Question

If \[f\left( z \right) = \frac{7 - z}{1 - z^2}\] , where \[z = 1 + 2i\] then \[\left| f\left( z \right) \right|\] is

पर्याय

• \[\frac{\left| z \right|}{2}\] 

• \[\left| z \right|\]

• \[2\left| z \right|\]

• none of these

Answer 1

\[f\left( z \right) = \frac{7 - z}{1 - z^2}\]

\[ = \frac{7 - \left( 1 + 2i \right)}{1 - \left( 1 + 2i \right)^2}\]

\[ = \frac{7 - 1 - 2i}{1 - \left( 1^2 + 2^2 i^2 + 4i \right)}\]

\[ = \frac{6 - 2i}{1 - 1 + 4 - 4i}\]

\[ = \frac{6 - 2i}{4 - 4i}\]

\[ = \frac{6 - 2i}{4 - 4i} \times \frac{4 + 4i}{4 + 4i}\]

\[ = \frac{24 + 24i - 8i - 8 i^2}{4^2 - 4^2 i^2}\]

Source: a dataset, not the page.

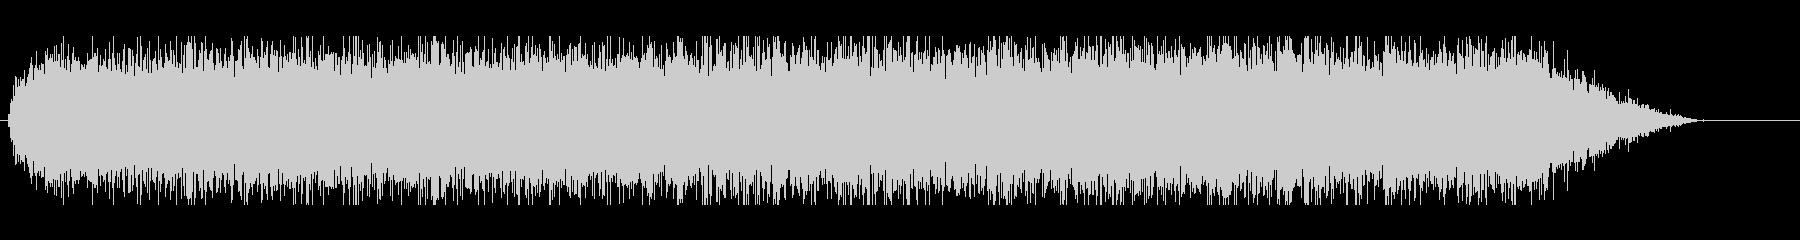 ウィーーン(電動ドライバーの音)3の未再生の波形
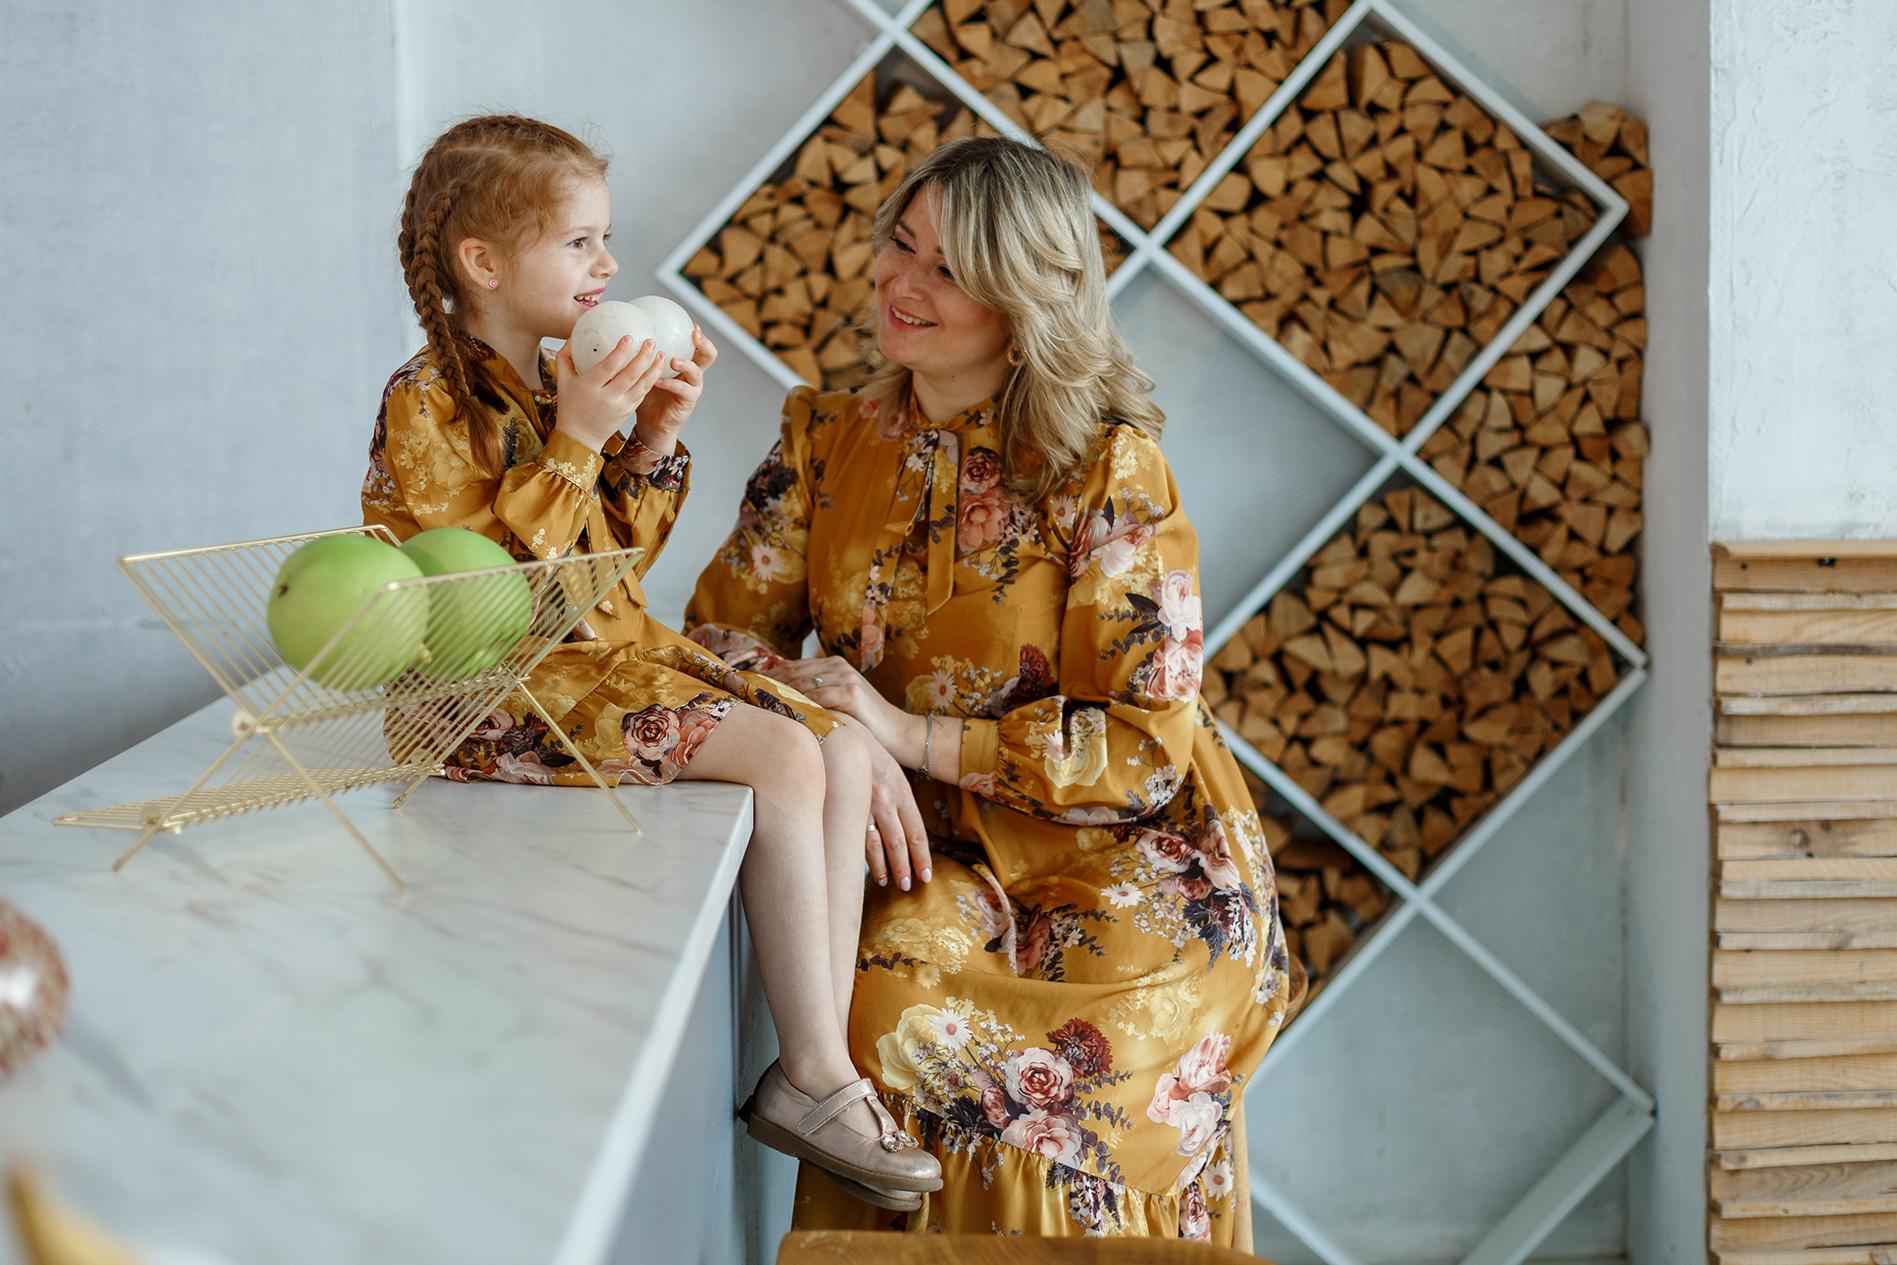 семейная фотосессия в студии, девочка играет с мамой, фотосессия мама и дочь, фотосьемка для мамы

\[ = \frac{24 + 16i + 8}{16 + 16}\]

\[ = \frac{32 + 16i}{32}\]

\[ = 1 + \frac{1}{2}i\]

Since 

\[z = 1 + 2i\],

\[\therefore \left| z \right| = \sqrt{\left( 1 \right)^2 + \left( 2 \right)^2}\]

\[ = \sqrt{1 + 4}\]

\[ = \sqrt{5}\]

\[\therefore \left| f\left( z \right) \right| = \sqrt{\left( 1 \right)^2 + \left( \frac{1}{2} \right)^2}\]

\[ = \sqrt{1 + \frac{1}{4}}\]

\[ = \frac{\sqrt{5}}{2}\]

\[ = \frac{\left| z \right|}{2}\]

Hence, the correct answer is option (a).